Wednesday, June 21, 2006

Fear & Loathing

Every topic, every post I've started this week has no ending; the opinion is dammit and dribble to nothing. Maybe writer's block, or disgust.

I continue to think of those 2 soldiers captured, their death and mutilation and my stomach knots and churns. I think if that were my sons ... I cannot imagine having to live the rest of my days knowing a child of mine died this way. The pain and rage. And fear. Fear, because what if the next time it is me and mine.
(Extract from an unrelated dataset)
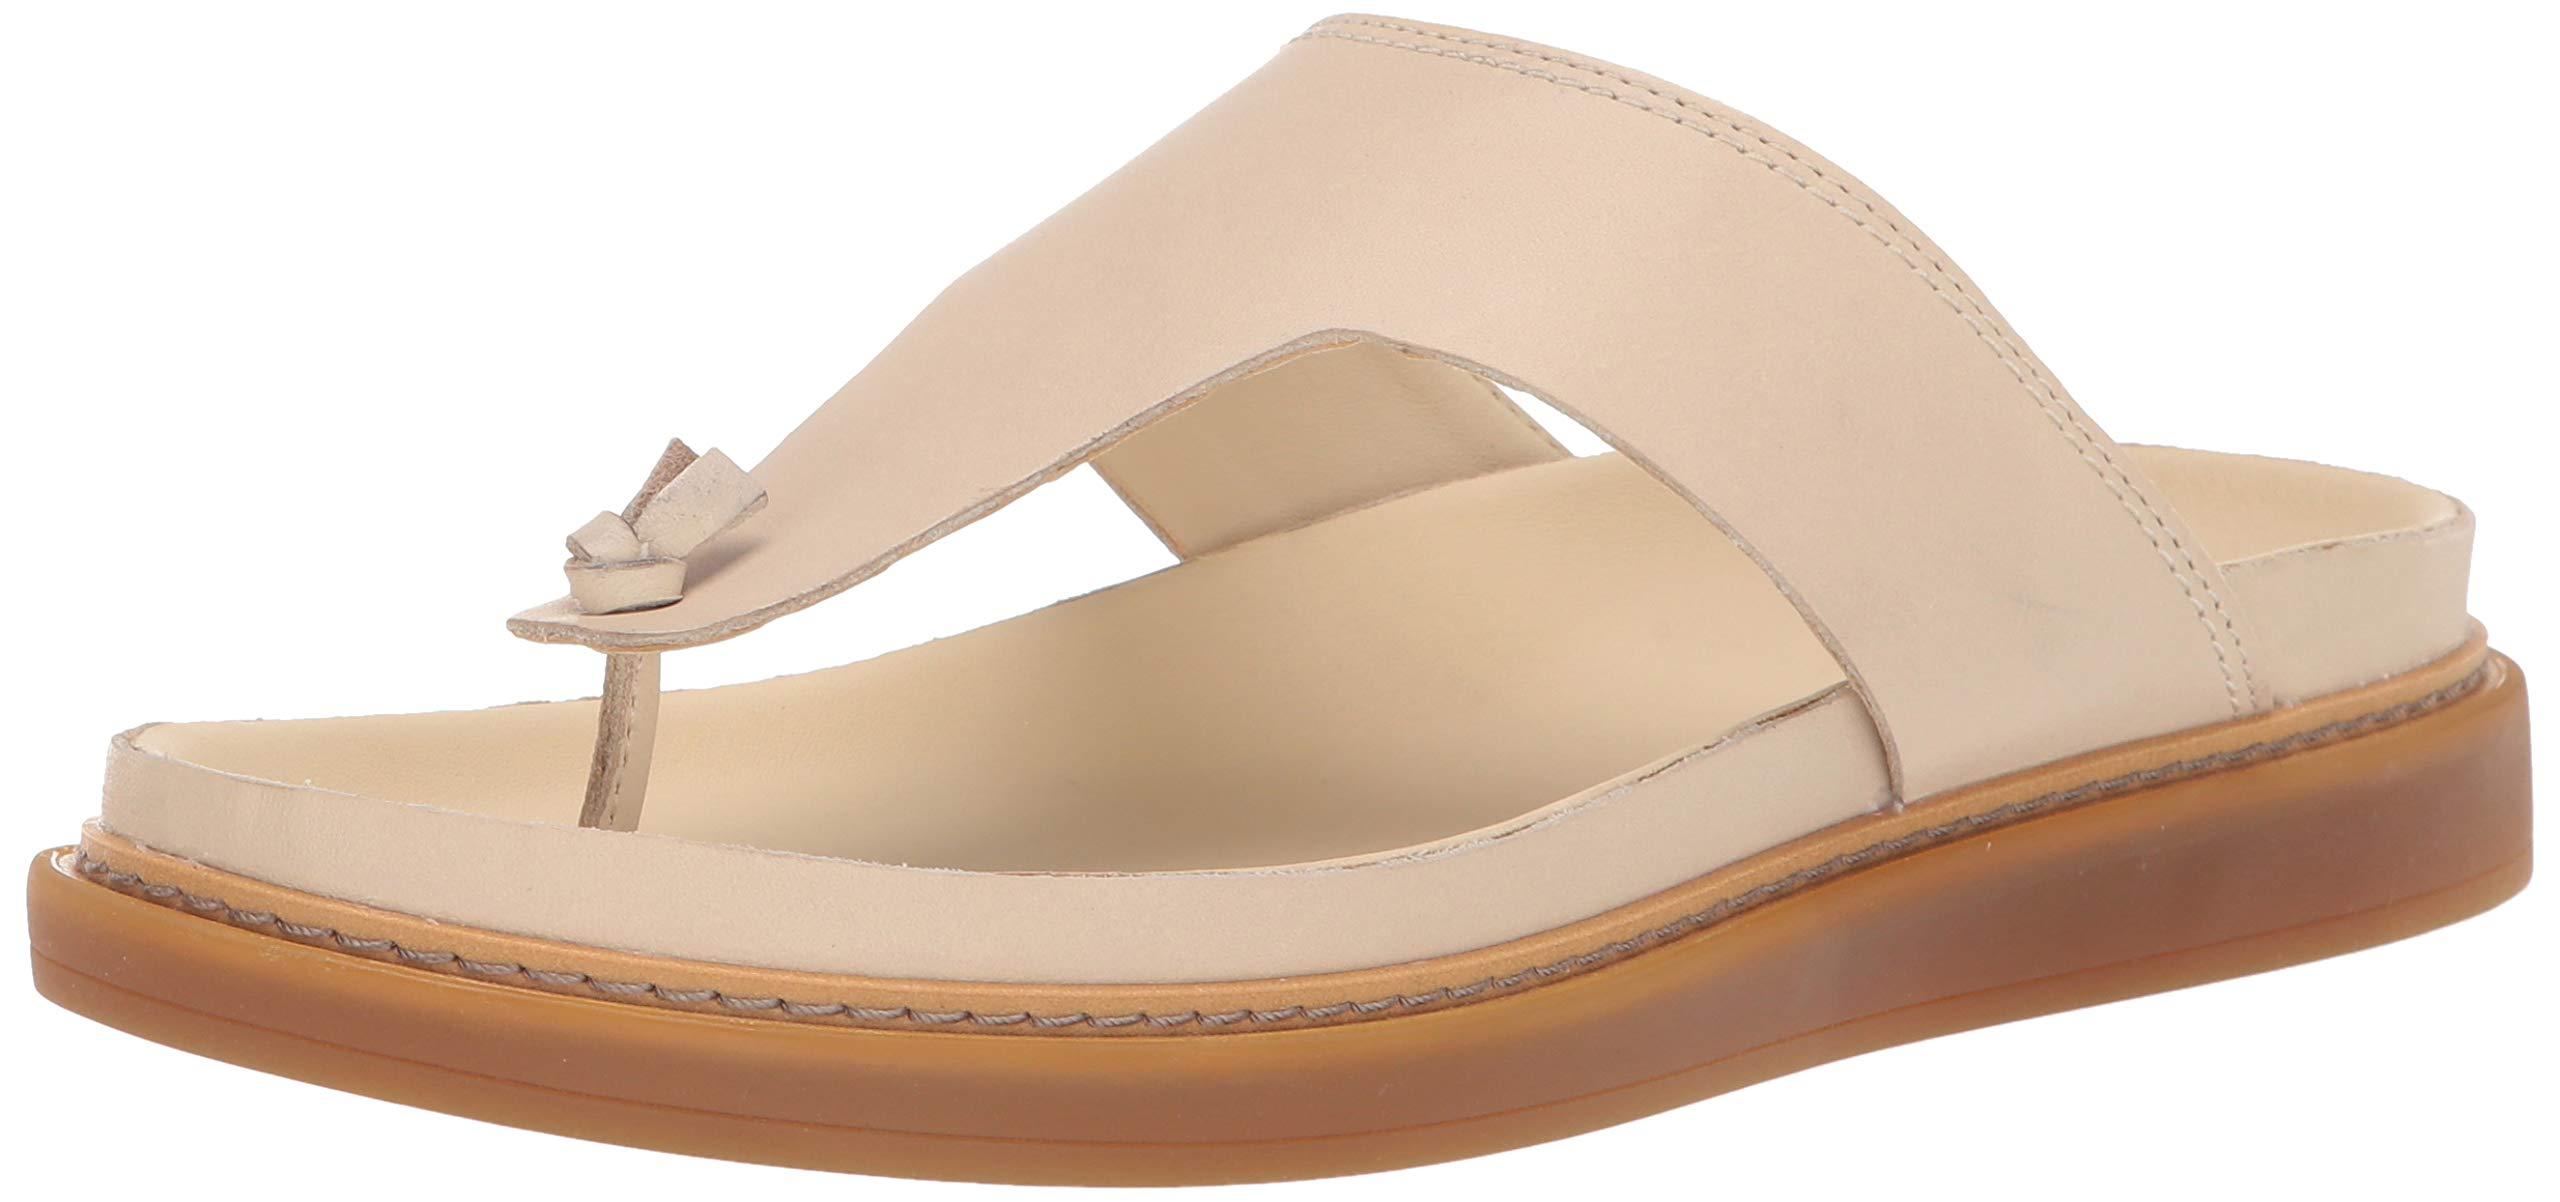 Clarks Leather Trace Shore Sandal in Cream Leather (Natural) - Save 65% |  Lyst
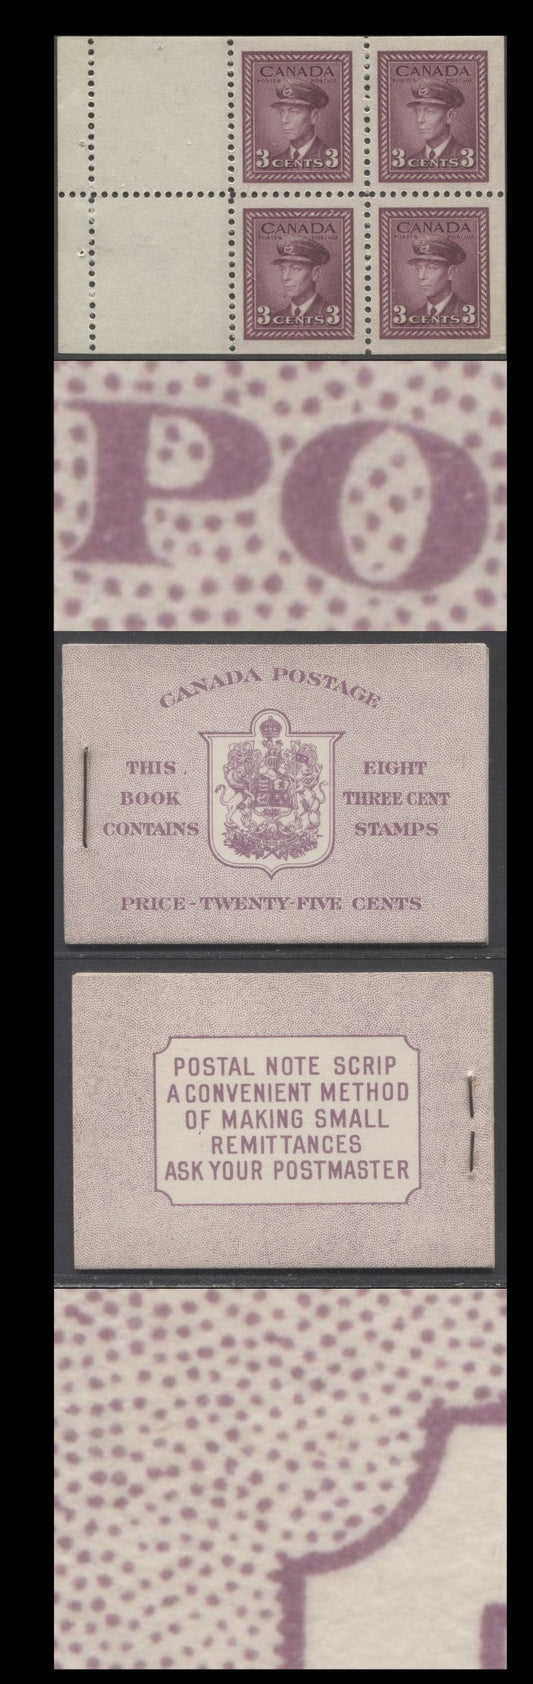 Lot 92 Canada #BK35dE 1942-1947 War Issue, A Complete 25c English Booklet, 2 Panes Of 4+2 Labels 3c Rose Violet, Front Cover IIf, Back Cover Caiii, Type II, 7c & 5c Rates Page, 1,201,000 Issued

I hesitate to say it, but if a certain chickenhawk leader were wellstoned, the more gruesome the better - and though such an event would make no difference in the political agenda of corporatofascist pols in DC – justice would be served. And I swear I would feel a littlefukin better.

2 comments:

Anonymous said...

When this news hit the papers, I was out of state for a memorial service of an old friend. I almost had a heart attack when some fool shoved the front page with the pictures up-in-my-face. I was stunned shitless at first, then relieved, then furious...

During my trip, a 6-year-old lad informed me that the war was "about nonsense". He's a lot closer to the truth than most of the sheeple.

Kathy F.

Kate-A said...

I thought the same thing regarding the broadcast of those details. Our "betters" trying to drum up outrage and anger and support for the war?

They make my ass wanna work buttonholes.